Here's an excellent article that outlines the many ways in which smoking can affect the penis (please note the extensive references):
Smoking and vascular impotence SAMT DEEL 70 13 SEPTEMBER 1986 329
Hold on your making some jumps here, the previous article you linked to regarding emphysema indicated that the protease inhibitors and the tobacco chemicals were bound site specifically in the lungs ( lungs with injuries caused by smoking ) causing the advanced break down of Elastin. Fair enough, that makes sense.
The article didn't say that new enzymes were produced, just that protease inhibitors were directly interfered with by tobacco chemicals.

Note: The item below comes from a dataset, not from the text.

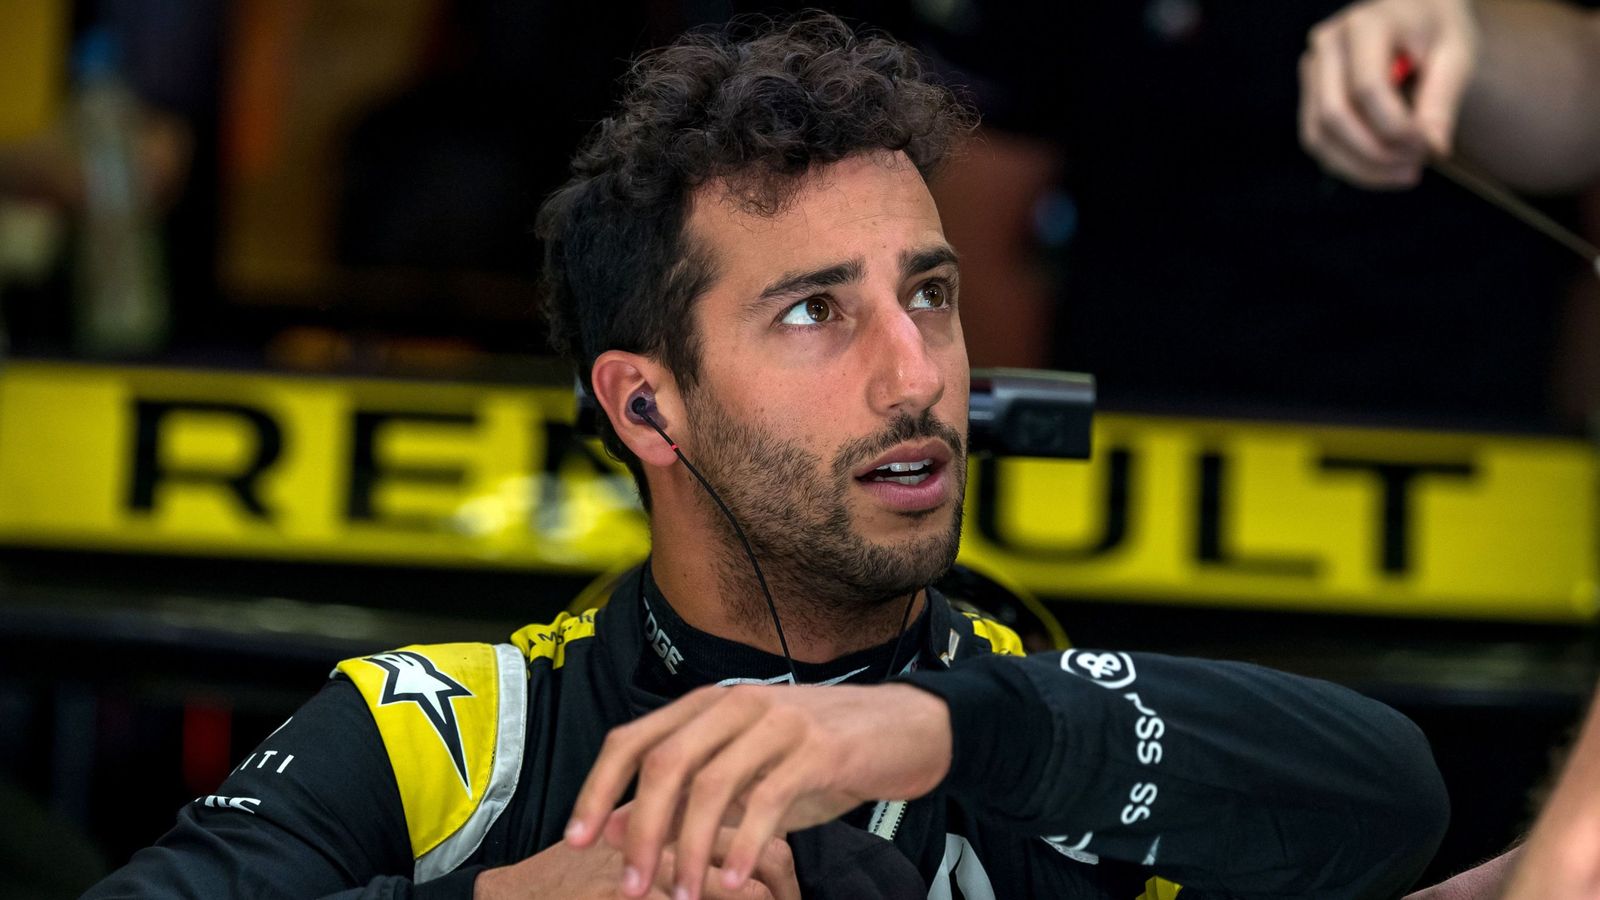 Daniel Ricciardo having to adapt at Renault, getting out of 'old habits ...

Now we know that vascular damage occurs because a similar process as that which is going on in the lungs takes place in the vascular system, tobacco chemical, transmitted through the lungs, in the blood bind with protease inhibitors in the arteries causing degredation of Elastin and eventually arterial sclerosis. Fine this all makes sense.
This naturally can cause problems with erections, since as you say the penus is mostly a sponge of blood vessels.
But this doesn't mean that your penus has actually shrunk, it just means that it's blood vessels aren't capable of carrying enough blood to give you strong enough erections to expand it to its fullest extent.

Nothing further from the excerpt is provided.